Don't change subject. The original post was about a developer releasing "evil" code, then turning somebody who finds it to their side. Now you're talking about people submitting patches with somethind hidden in them. Completely different scenarios.
Most OSS projects don't blindly accept patches. Certainly not the ones in widespread usage. You might sneak a buffer overflow in, but to sneak an outright trojan would be seriously challenging. The submitter's anonymity isn't a problem if source is being examined.
Stupidity exist everywhere of course, can't be eliminated 100%. But while for Linux users perhaps 1% of all software comes from unverified sources, for Windows users it's 99%. Just why exactly do you trust that say, Trillian isn't doing anything strange? Nobody but its developers really knows what's there.
Not all of it, but there are many distributions, which each look at different parts of the source. To sneak something in you'd need to be really sure that part won't get looked at by anybody, and that's hard. Developers watch mailing lists, talk to people who work on the project and use 'svn diff'.
First you build gcc with icc. This is icc_gcc.
Then you build another copy of gcc with gcc. This is gcc_gcc.

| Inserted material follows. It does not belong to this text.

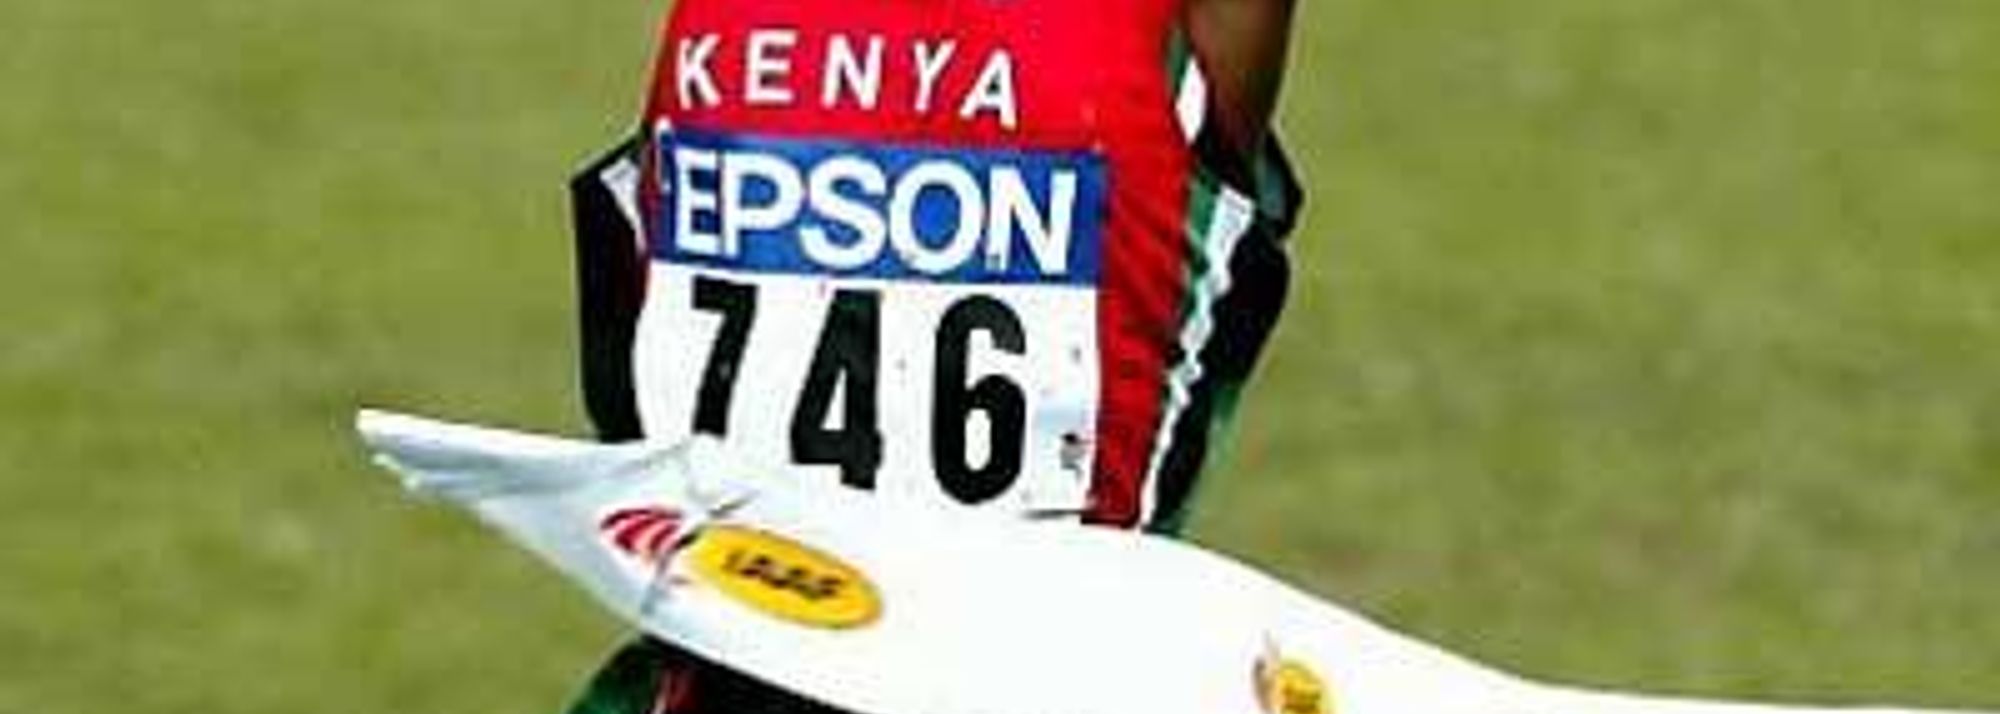 Edith Masai, by winning her third IAAF World Cross Country short course title 11 days short of her 37th birthday, prompted the question: what might she have achieved in her international running career had she started in earnest earlier than it did, just five years ago?

Now you have two gccs with different code generated by different compilers.
So now you take both of those, and build the gcc source with both icc_gcc and gcc_gcc. Both should generate the same code. If they don't, something's fishy.
You can easily this with more compilers and multiple versions.
Well, I still think it can't be defined that the OSS approach is superior. It's not impossible to sneak something in. But in doing so you must take a very high risk of being found out, and if somebody tracks that back to you, well, chances are you're going to have to look for a new carreer. People with a known record of coding nasty things aren't very liked in the software world.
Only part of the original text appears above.